If you are planning to market your product, use the internet and enjoy the promotion of your product well. The advertising has become an essential part to promote and increase the sales of any product. There are various mediums that can be used to market your product and the internet is becoming one of the best and popular mediums to be used for advertising.
The web hosting companies are responsible for providing the space on the web as well as domain registration to their customers who want to own a site on the web to market their products. The web hosting company maintains and manages the site on behalf of their customer for which they are paid. StartLogic is one of the good and quite cheap hosting companies, and it is quite popular among the top ten cheap and best quality web hosting companies.












[…] Robots.txt Guide […]
i never edit my robot.txt before since i have my website almost 7 month, thank for your tips
It supprises me how powerful the robots.txt file is, yet not many people actually know how to works.

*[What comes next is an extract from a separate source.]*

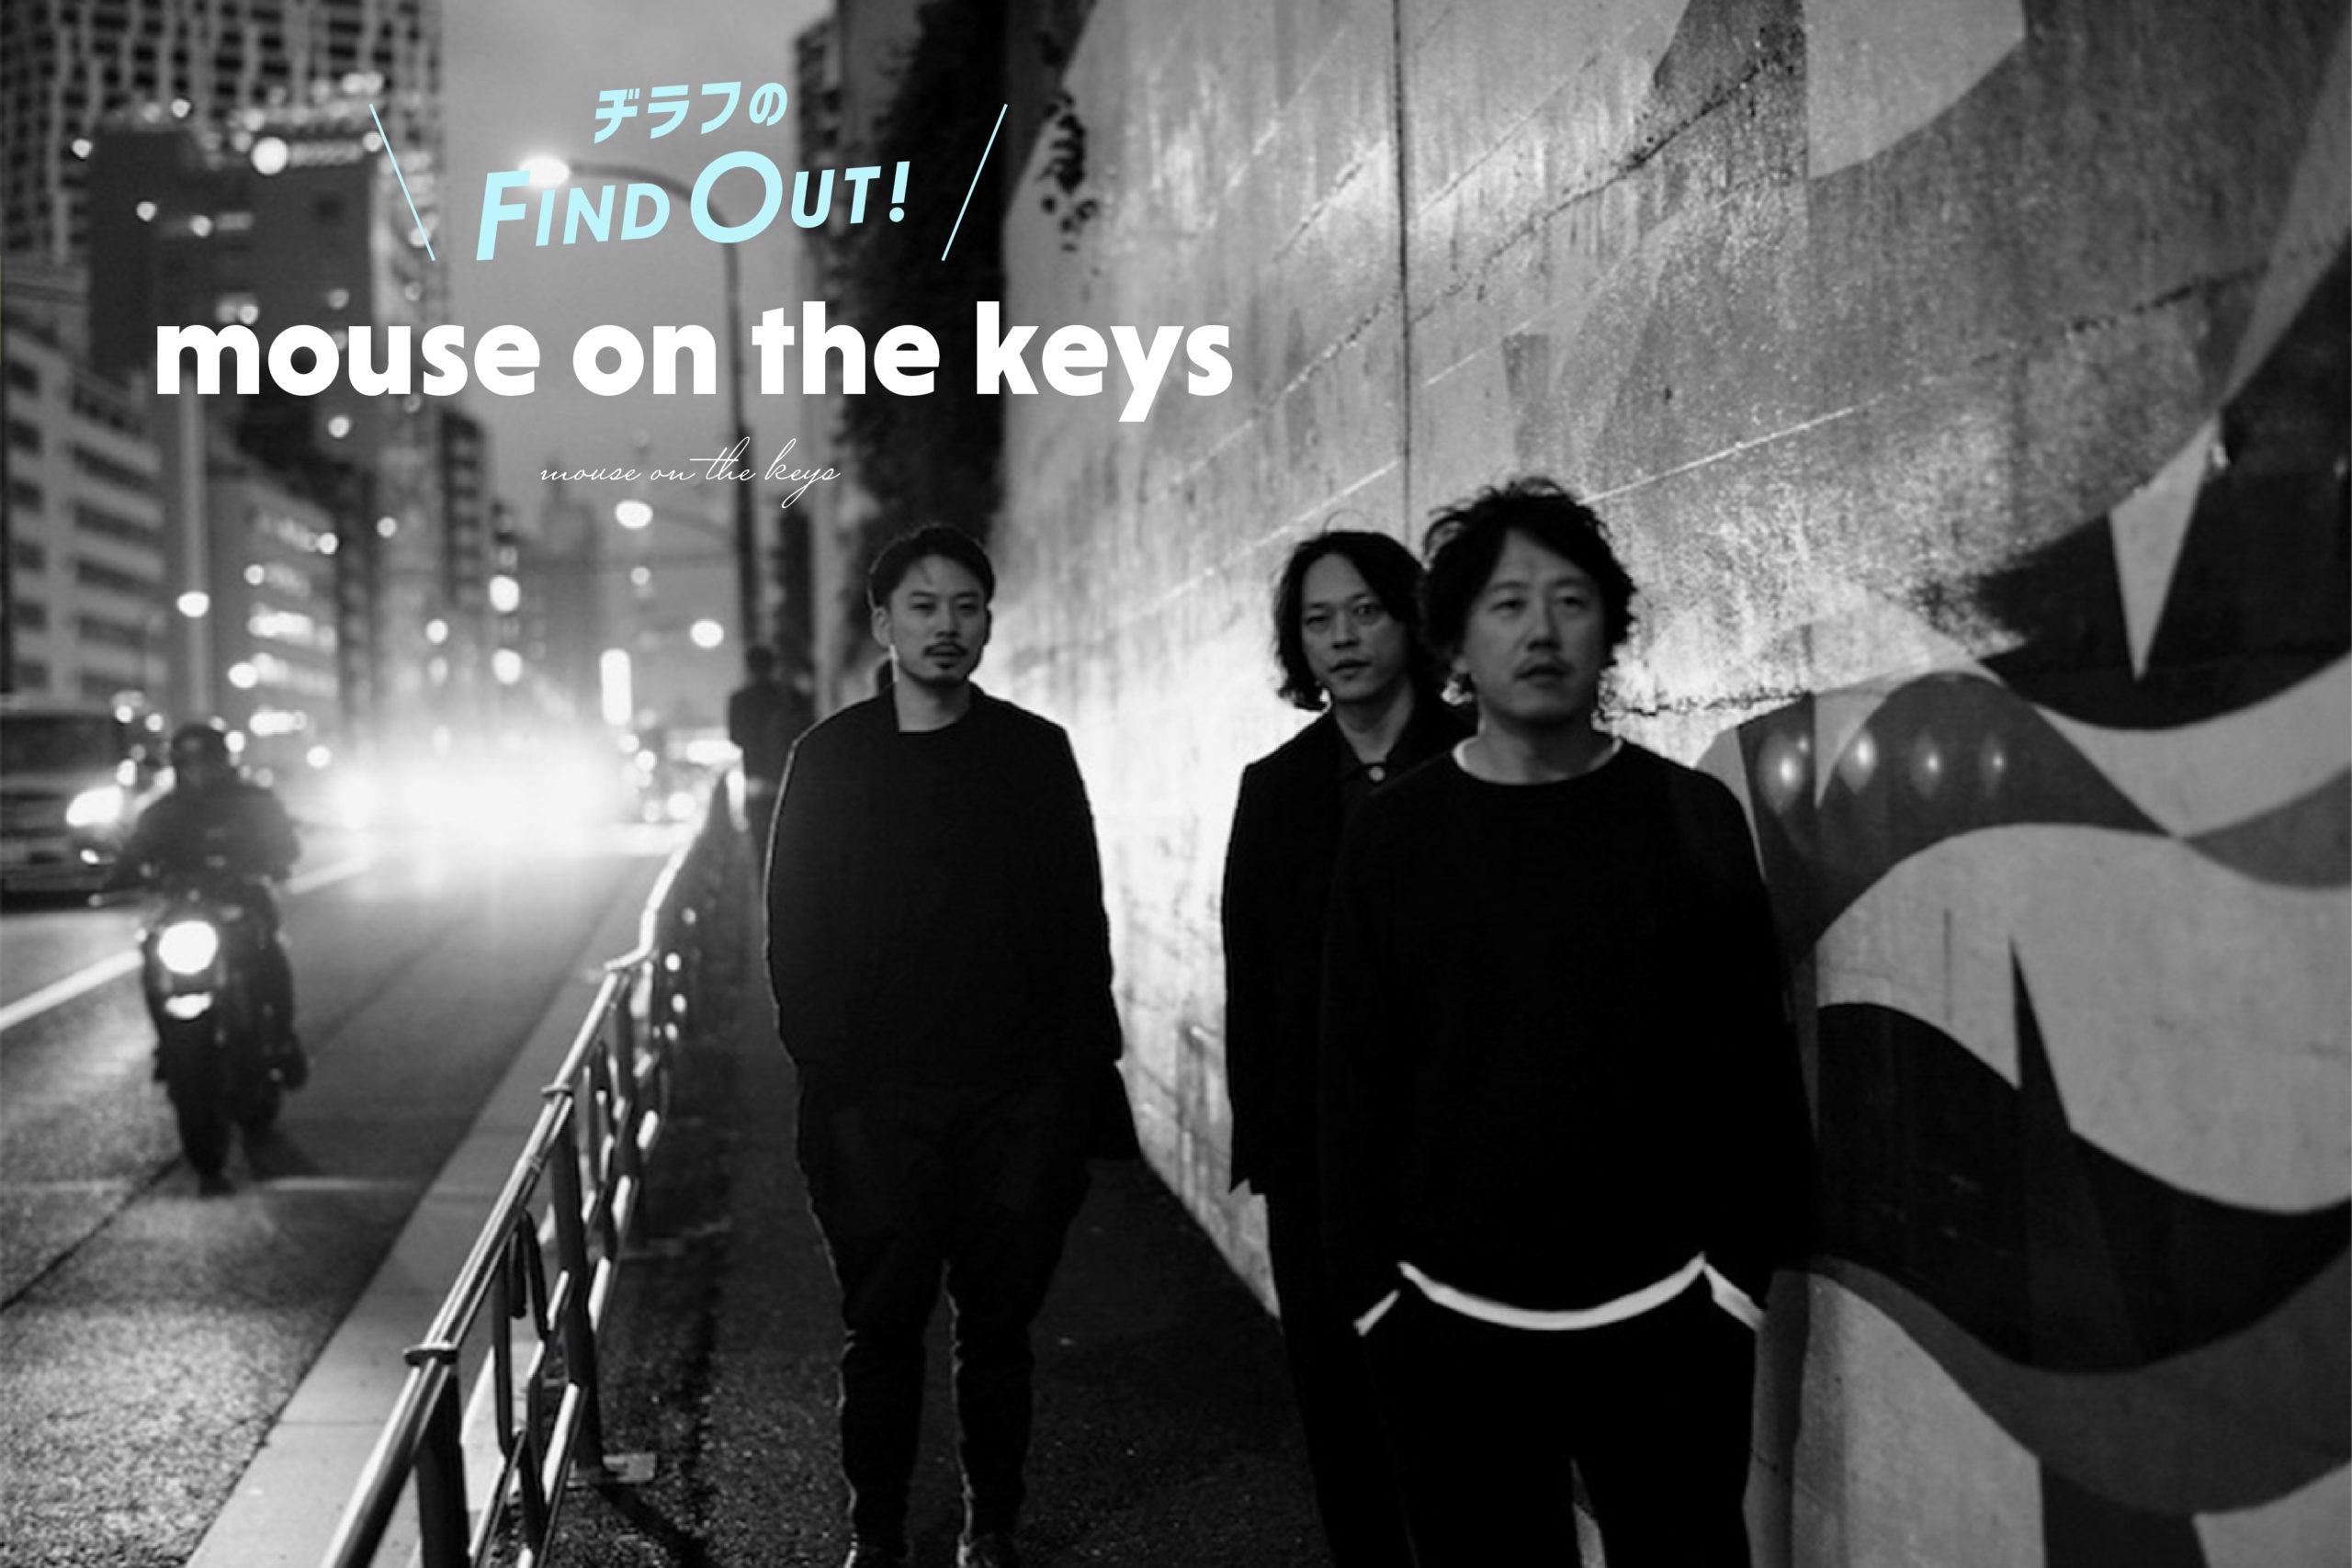 「【mouse on the keys】困難を乗り越えて発表された新作EP『Arche』」のアイキャッチ画像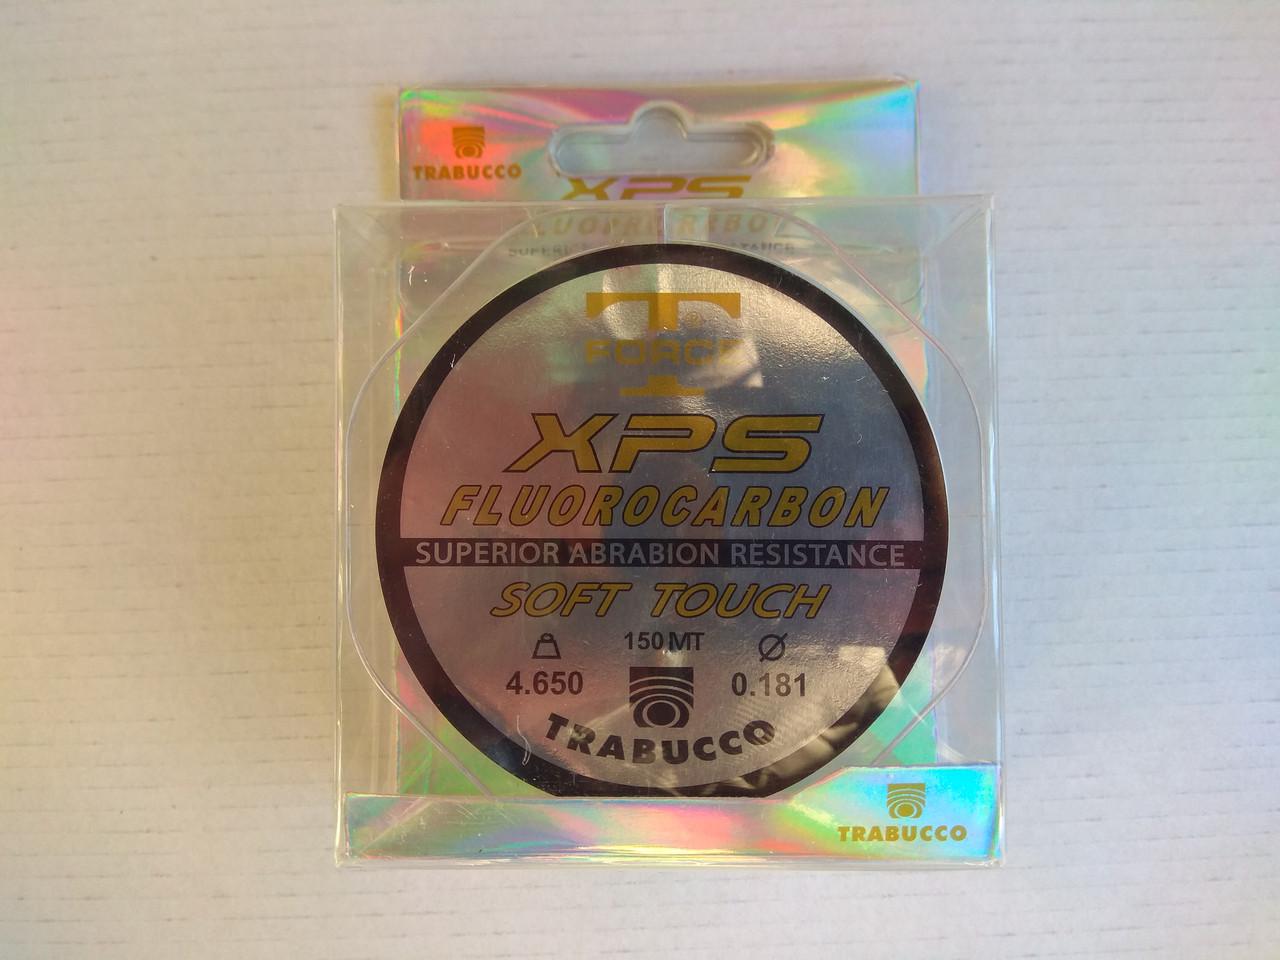 Леска Trabucco XPS Fluorocarbon 150m 0.35

This article is what i have been looking for. I was looking at Google Webmasters Tools the other day and it said something about these robots.txt files and that there is a problem with both of my websites. I have printed this out to help me fix the problem. Thanks so much for this info, it is just what i needed and it seems to be written in simple english so a newbie like myself may even be able to fix the problem. Good on you.
Nice read.
robots.txt is absolutely necessary and should be the first step to start your SEO work.
I’m still really new to this whole “blogging” thing and how to “optimize” my website, etc. I have found various things regarding robots.txt and wordpress, so we’ll see how it all plays out. I still don’t have a pagerank yet, so it’s hard to see any changes.
PublicRecordsGuy: Don’t worry, PR isn’t that much relevant (anymore) in terms of your website’s search engine rankings.
create a good content and follow SEO tech will make our site have a good ranking on SE
Some very good tips here and a great way to help yourself. Personally I really like the way you put a lot of information into this and how clear it is. I knew a fair bit about Robots.txt having edited and added a lot in it but this did help and for a newbie would be great. A great new insight to this for anyone and I recommend for people to read it. I think that if you want to do some successful SEO to any of your sites a Robots.txt is not only a must, but also something that will help and probably get you off to the best start possible.